=== Section Start ===

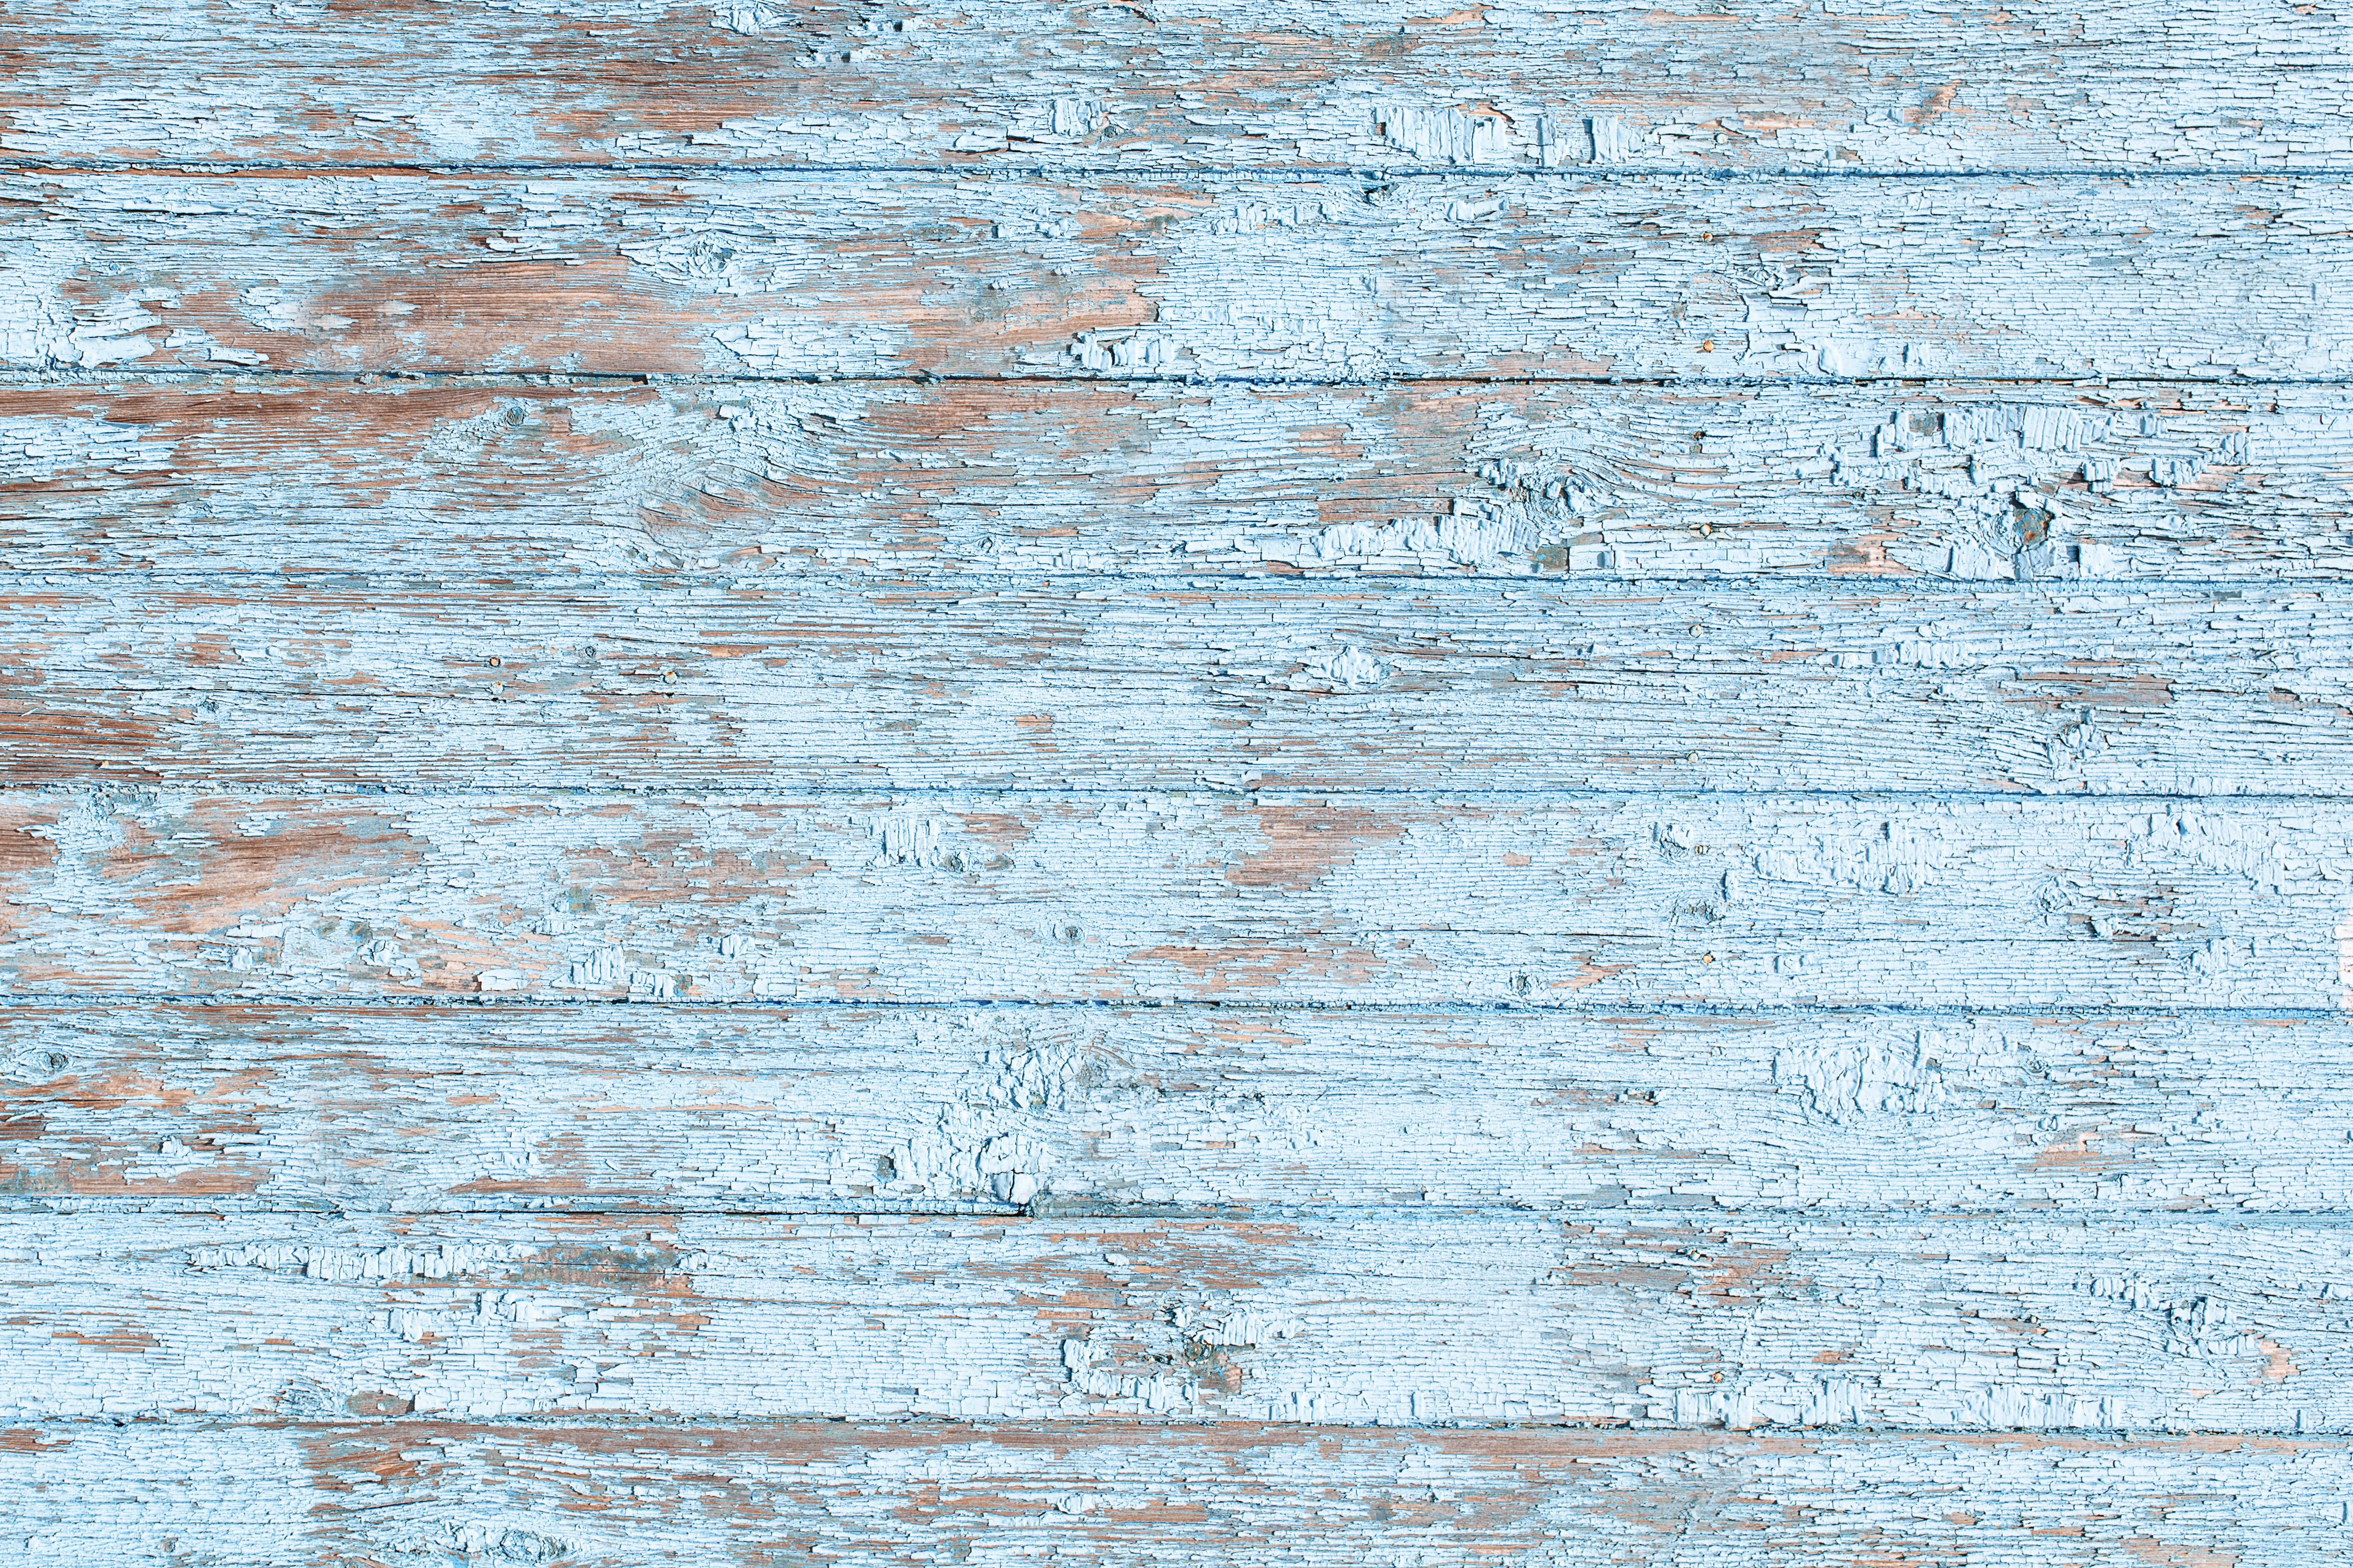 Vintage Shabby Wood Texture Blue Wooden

=== Section End ===
=== Section Start ===

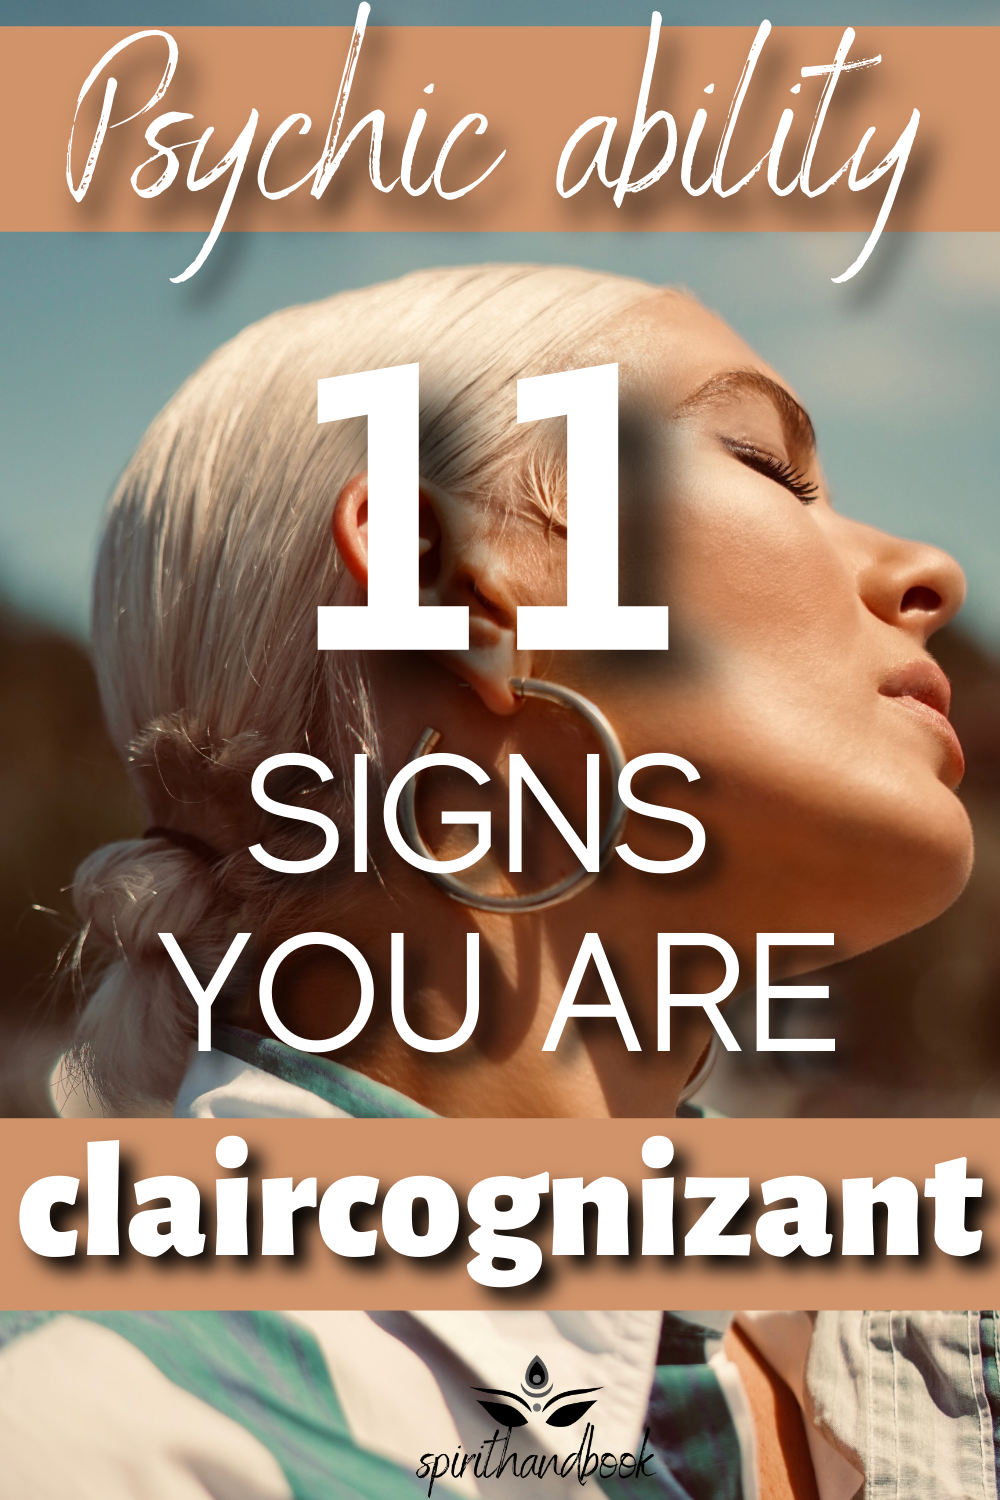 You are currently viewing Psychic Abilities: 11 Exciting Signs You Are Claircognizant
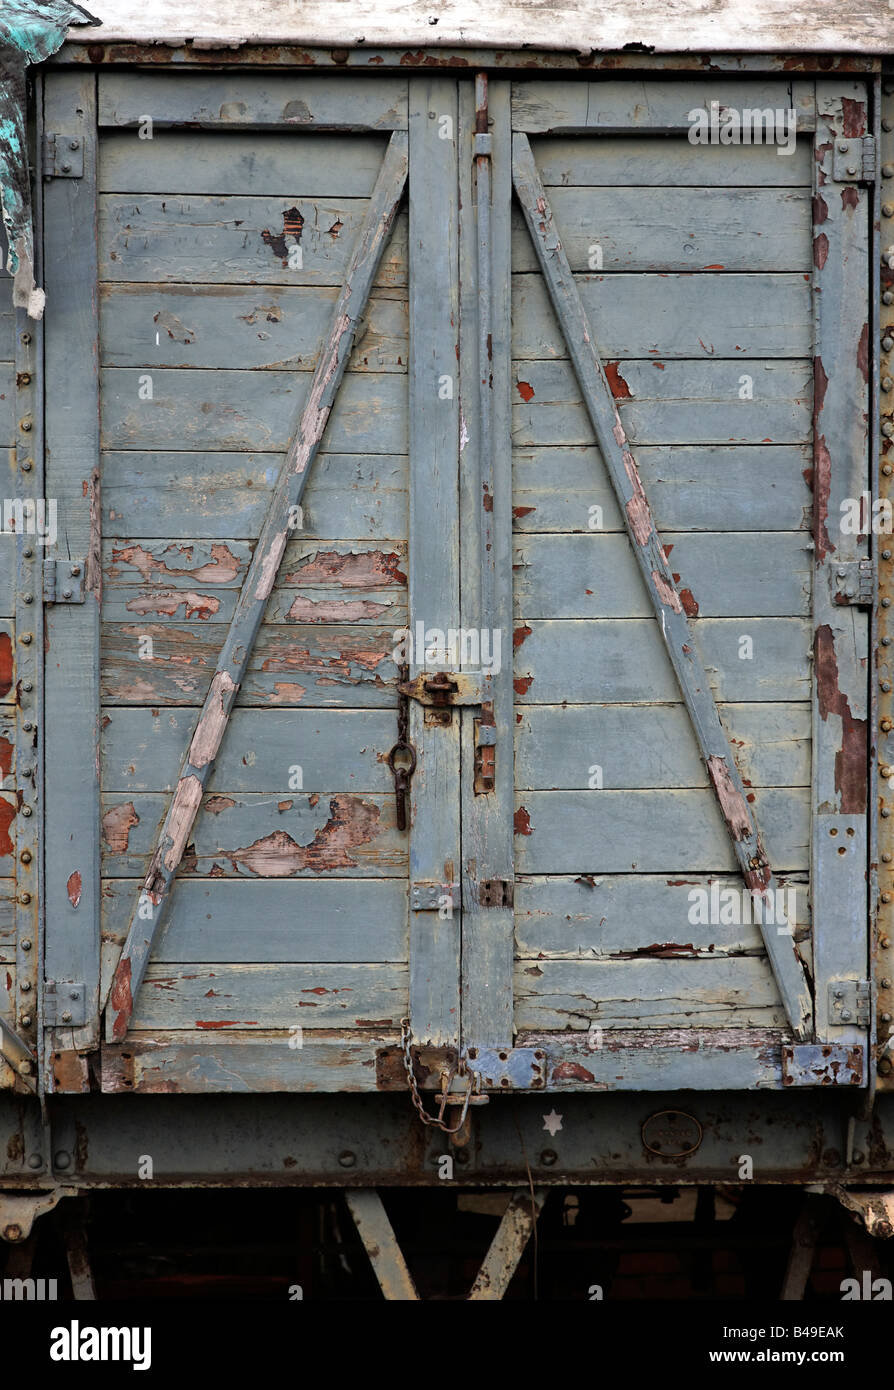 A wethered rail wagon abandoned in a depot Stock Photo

=== Section End ===
=== Section Start ===

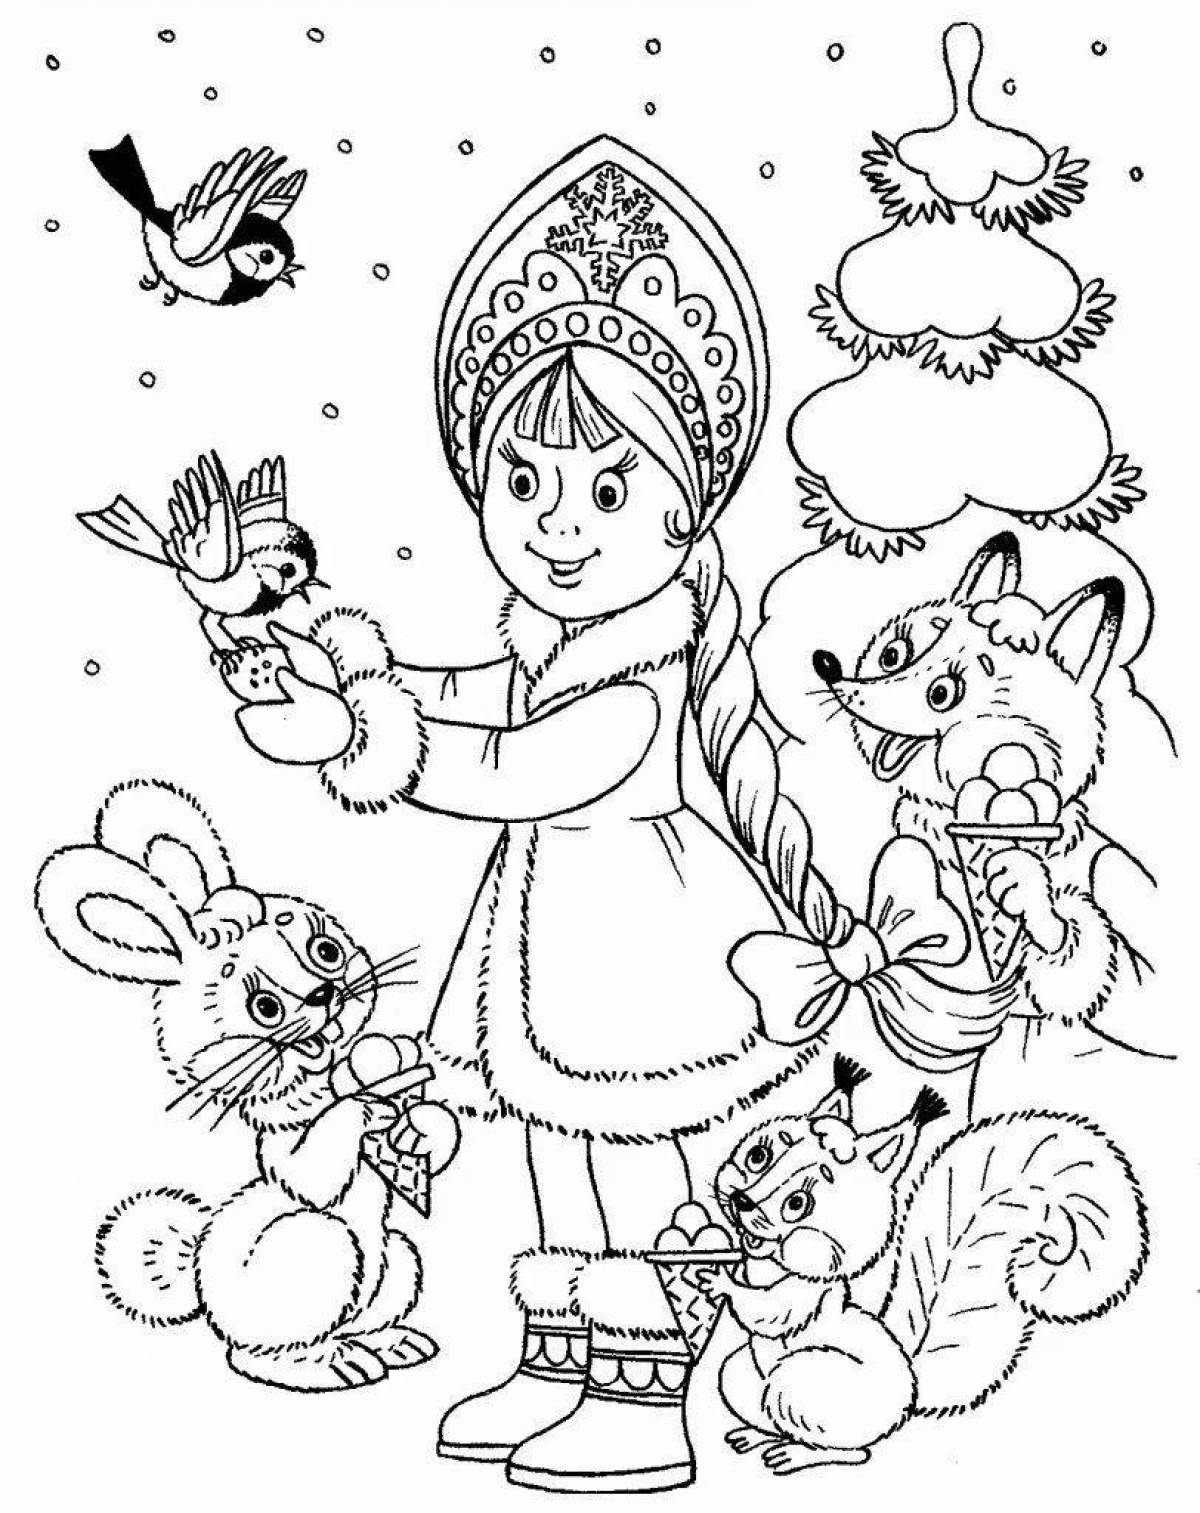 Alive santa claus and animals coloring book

=== Section End ===

Using the material above, transcribe exactly the lines from the one holding "You are currently" to the one holding "A wethered rail", both ends kept. Do not carry over any pictures.

**Exercise solution**:
 You are currently viewing Psychic Abilities: 11 Exciting Signs You Are Claircognizant
 A wethered rail wagon abandoned in a depot Stock Photo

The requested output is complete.